Quels sont les principes de base de la fiscalité locale au sein de l’OCDE ?
Ils sont  nombreux, touchant des dimensions variées : le principe de conformité et de juste retour avec les responsabilités confiées aux collectivités locales, le principe de suffisance pour couvrir les dépenses engendrées par les compétences respectives des collectivités, le principe de stabilité et de prévisibilité, le principe d’uniformité – c’est-à-dire une assiette fiscale répartie de façon relativement uniforme afin de réduire autant que faire se peut les disparités fiscales –, le principe de localisation et de neutralité avec des taxes si possible bien définies géographiquement, le principe d’immobilité de l’assiette fiscale pour éviter la concurrence entre les collectivités, le principe de simplicité, lisibilité et d’efficience dans la collecte de l’impôt, le principe de transparence et de responsabilité, le principe d’équité et de justice… Tous ces principes sont difficiles à concilier et les systèmes d’imposition existants en Europe et dans l’OCDE ne les respectent pas toujours tous. Il s’agit donc de faire des choix, politiques notamment, afin de résoudre une équation particulièrement complexe.
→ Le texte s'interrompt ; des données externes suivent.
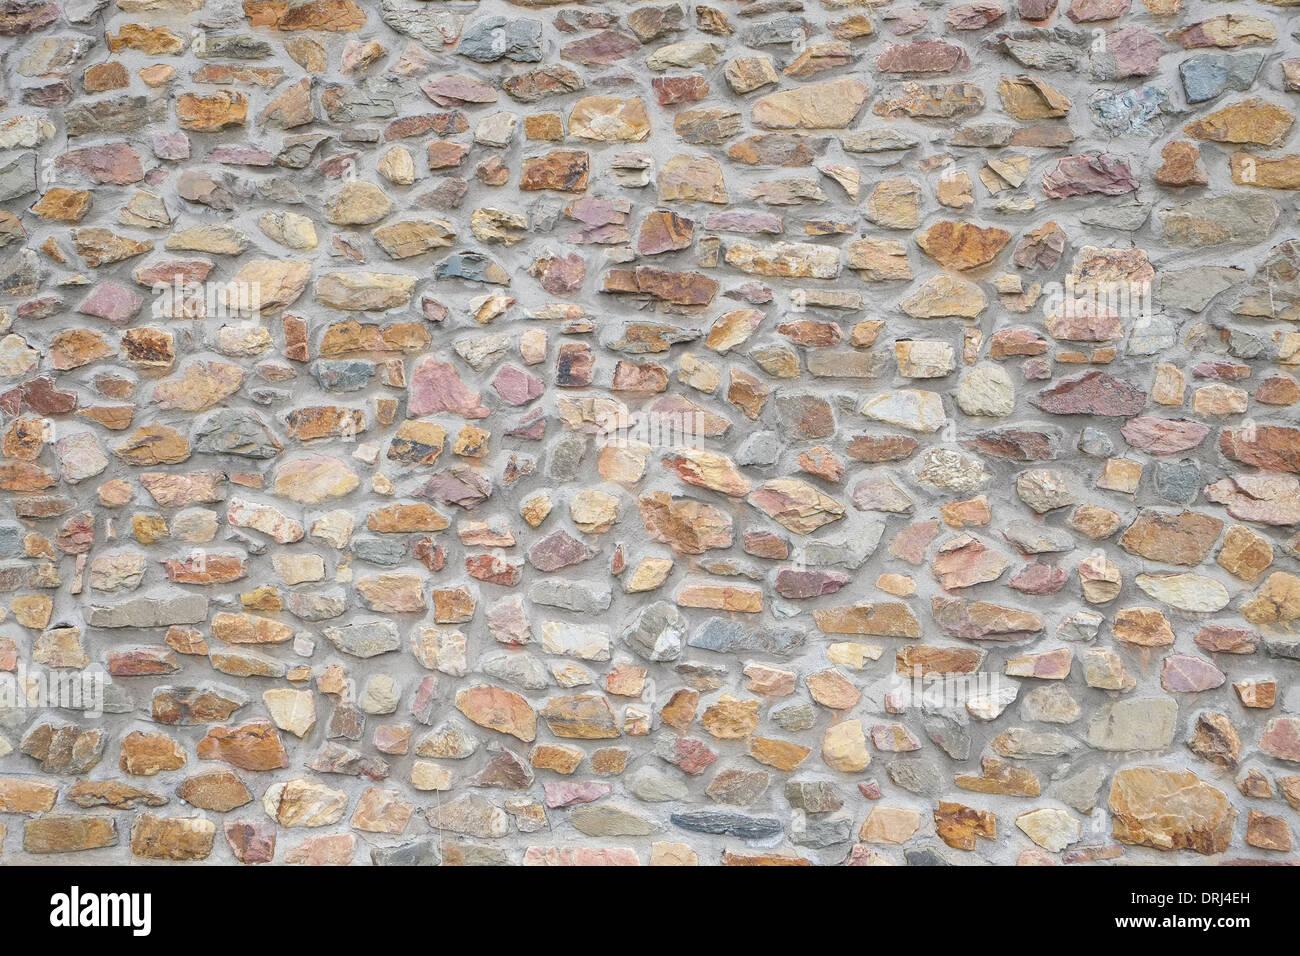 Una nuova costruzione ruvida parete di pietra - sfondi e texture Immagini Stock

La réforme de la fiscalité locale pose aussi la question de la gouvernance et de la concertation pour y parvenir. Quelle importance doit-on accorder à cette problématique ? 
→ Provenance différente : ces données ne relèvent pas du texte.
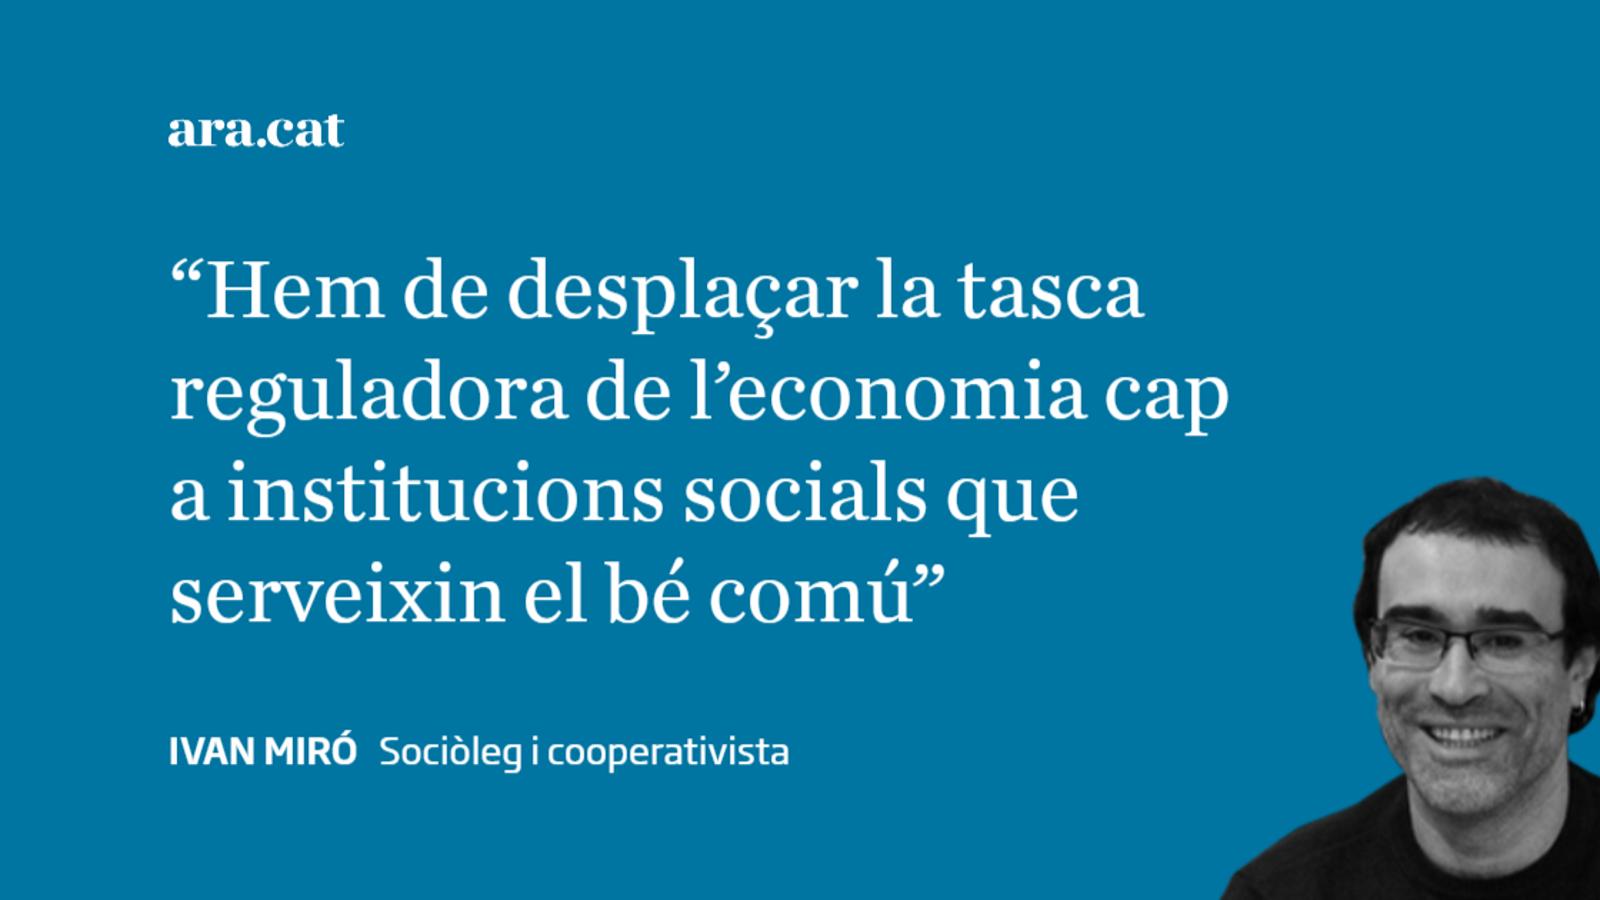 Catalunya: cap a la democràcia econòmica

C’est l’une des clés du succès. La mise en place de la Conférence nationale des territoires (CNT) est un pas dans le bon sens car jusqu’à présent, il manquait une instance formalisée et permanente de dialogue entre l’État et les collectivités territoriales, malgré des institutions comme le Sénat ou des entités telles que le Comité des finances locales. L’expérience au sein des pays de l’OCDE montre que les pays qui se sont dotés de mécanismes de concertation et de coordination (formels ou informels) efficients entre les gouvernements centraux ou fédéraux et les collectivités territoriales ont plus facilement mis en œuvre des réformes des finances et de la fiscalité locales. Dans ces pays, les jeux sont plus clairs entre l’État et les collectivités et la confiance souvent plus grande, ce qui permet de s’orienter vers une “gouvernance partagée” des finances publiques. Gageons donc que cette Conférence nationale des territoires intégrera pleinement cette dimension financière et qu’elle permettra de mettre en place d’éventuels mécanismes de fiscalité partagée où la concertation et la négociation seront primordiales.

Propos recueillis par astien Scordia 

* Les parités de pouvoir d’achat (PPA) permettent d’établir des comparaisons internationales de prix plus justes qu’en utilisant les simples taux de change des monnaies.